Notes to Financial Statements
March 31, 1997
1. ORGANIZATION AND BUSINESS PURPOSE
Renaissance Capital Partners, Ltd. (the "Partnership"), a Texas limited
partnership, was formed on July 31, 1989. Limited Partnership contributions
of $12,886,000 were secured upon final closing of the Partnership on June 14,
1990. The Partnership seeks to achieve current income and long-term capital
appreciation by making investments primarily in private placement convertible
debt securities of smaller public companies. The Partnership has elected to
be treated as a business development company under the Investment Company Act
of 1940, as amended. The Partnership will terminate upon liquidation of all
its investments, but no later than June 14, 1998, subject to the right of
the Independent General Partners to extend the term for up to three
additional one-year periods if they determine that such extension is in the
best interest of the Partnership.
2. SUMMARY OF SIGNIFICANT ACCOUNTING POLICIES
A. Organizational Costs - Costs of organizing the Partnership were
capitalized and amortized on a straight-line basis over five years. These
costs were completely amortized during the quarter ended June 30, 1995.
B. Contributed Capital - Proceeds from the sale of the limited
partnership interests, net of related selling commissions and syndication
costs, are recorded as contributed capital.
C. Statement of Cash Flows - The Partnership considers all highly liquid
debt instruments with original maturities of three months or less to be cash
equivalents. No interest or income taxes were paid during the periods.
D. Valuation of Investments - The valuation of investments in debentures
which are convertible into unregistered securities is based upon the bid
price of the underlying securities obtained through normal market systems
less a discount for selling and registration costs.

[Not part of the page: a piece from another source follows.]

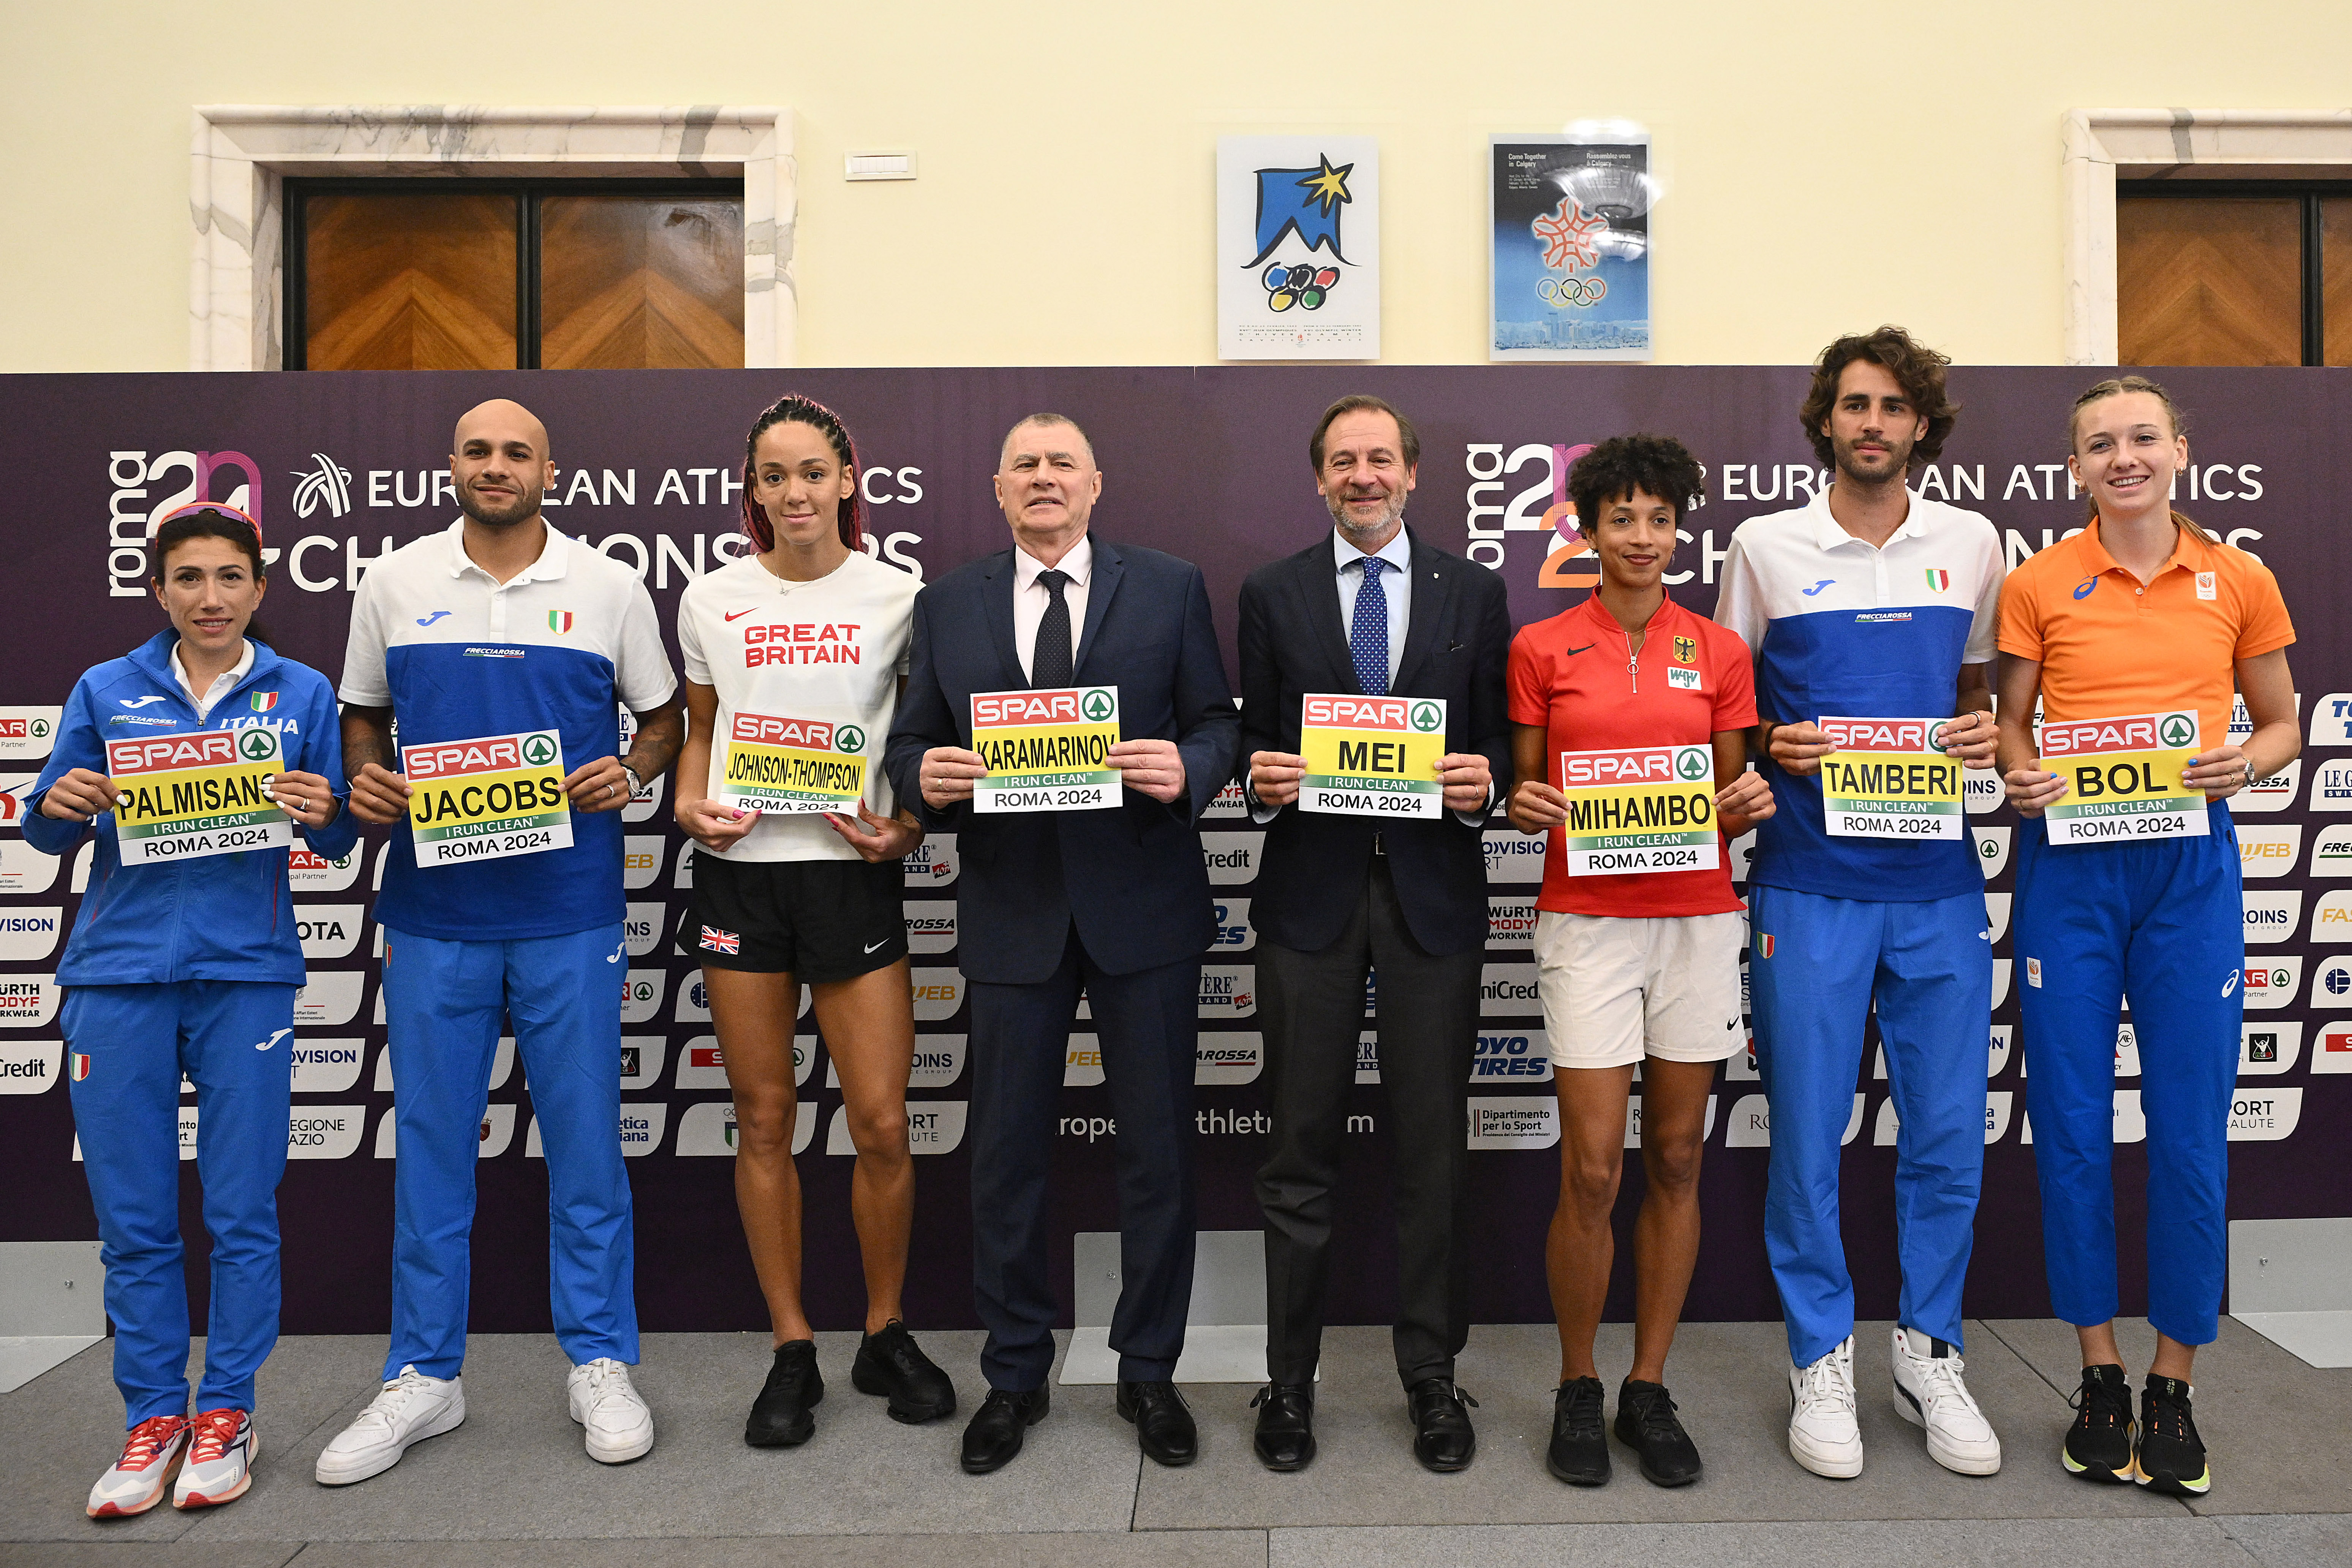 Domani iniziano gli Europei di Atletica Roma 2024: oltre 1600 atleti in gara per sei giorni al Foro Italico

For those investments
not having an established market, the valuation is at the Partnership's costs
for the first six months after closing and will be redetermined by the
General Partners subsequent to that time period.
E. Management Estimates - The financial statements have been prepared in
conformity with generally accepted accounting principles. The preparation of
the accompanying financial statements requires estimates and assumptions made
by management of the Partnership that affect the reported amounts of assets
and liabilities asof the date of the statements of assets, liabilities and
partners' equity and income and expenses for the period. Actual results
could differ significantly from those estimates.
<PAGE>
<PAGE> 7
2. SUMMARY OF SIGNIFICANT ACCOUNTING POLICIES (continued)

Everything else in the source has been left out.